[Task goal] Everything from the line that holds "Distelvinkenstrijd in de" through the end of the listing below must be retyped word for word, without any pictures.
*** Opening Dataset content ***
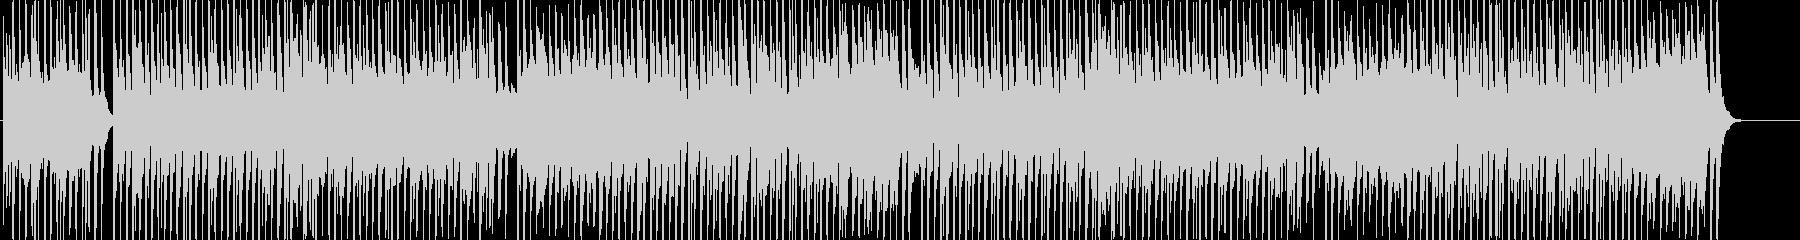 アルゼンチンタンゴのスタンダードの未再生の波形
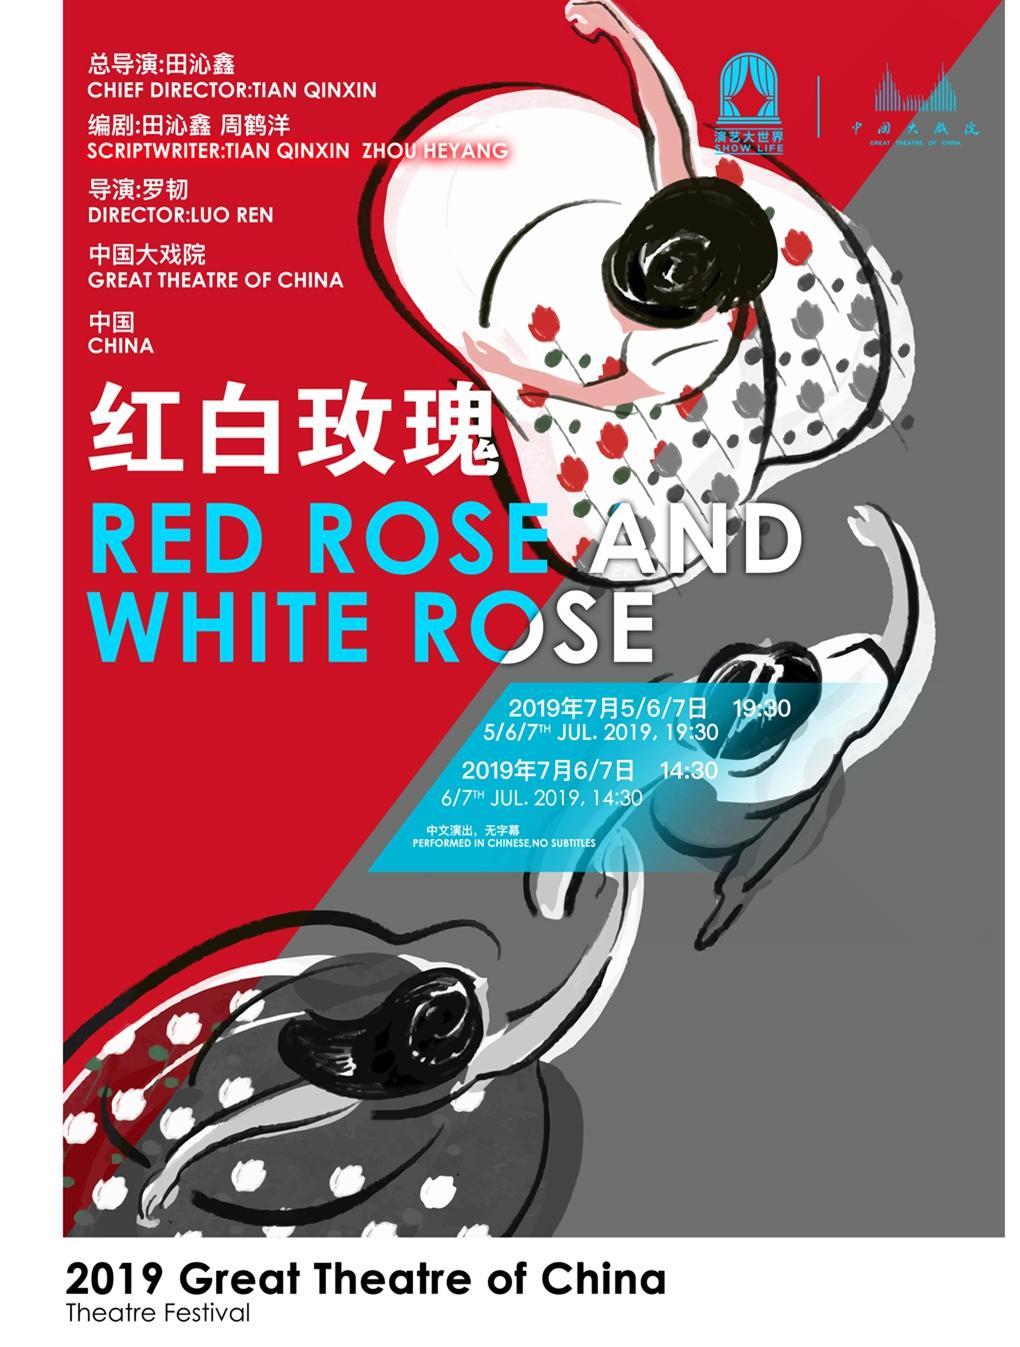 《红白玫瑰》
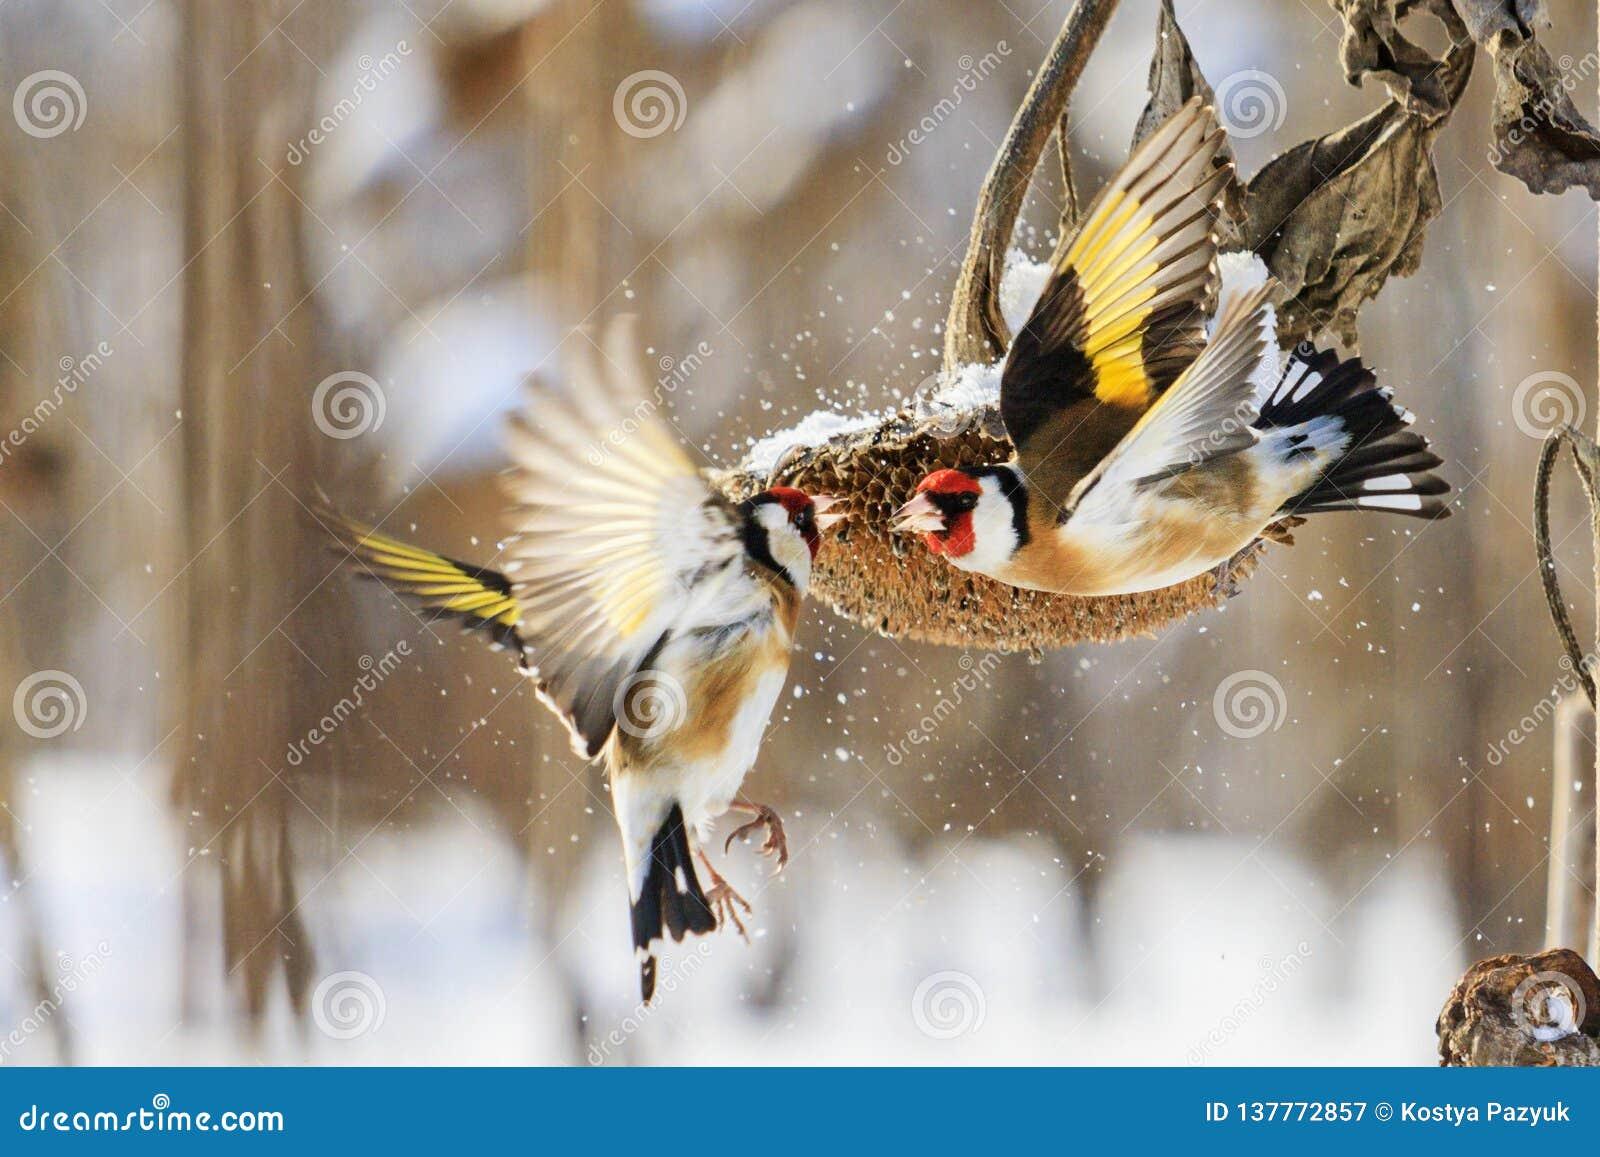 Distelvinkenstrijd in de winter voor zonnebloem
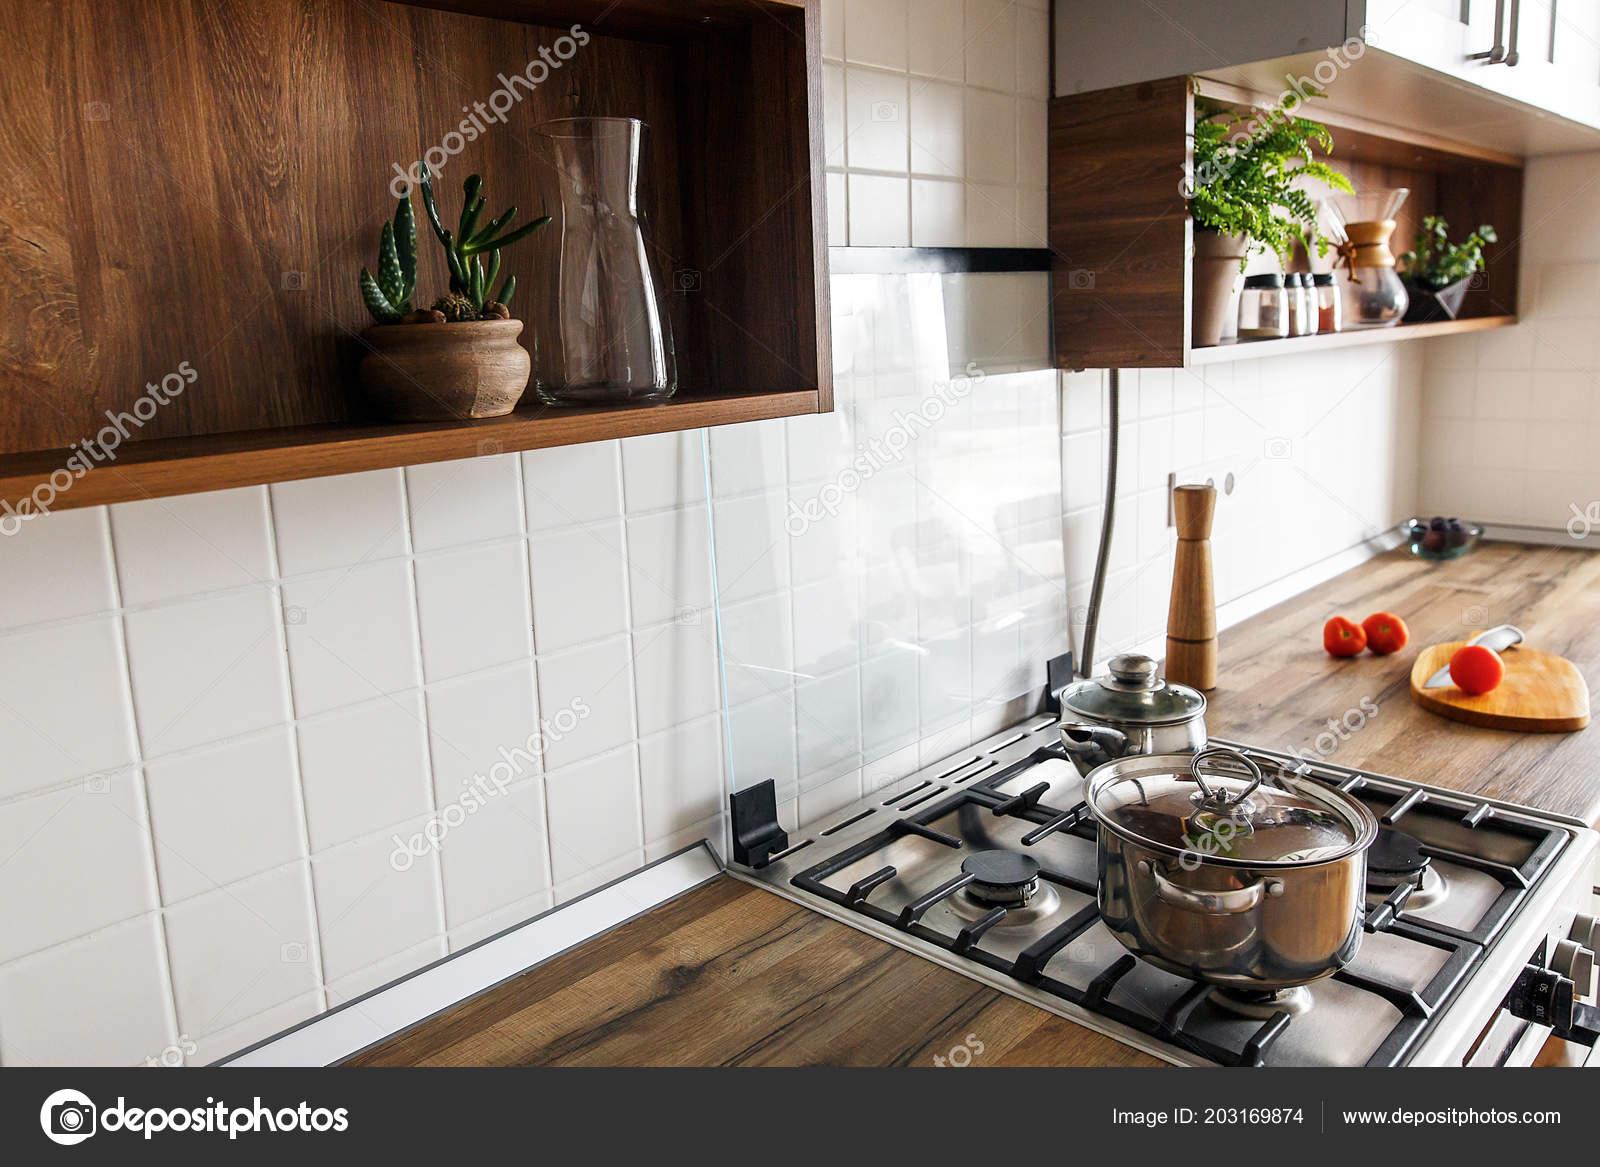 Koken voedsel houten plank met mes tomaten olijfolie moderne
*** Closing Dataset content ***
[Written solution]
 Distelvinkenstrijd in de winter voor zonnebloem
 Koken voedsel houten plank met mes tomaten olijfolie moderne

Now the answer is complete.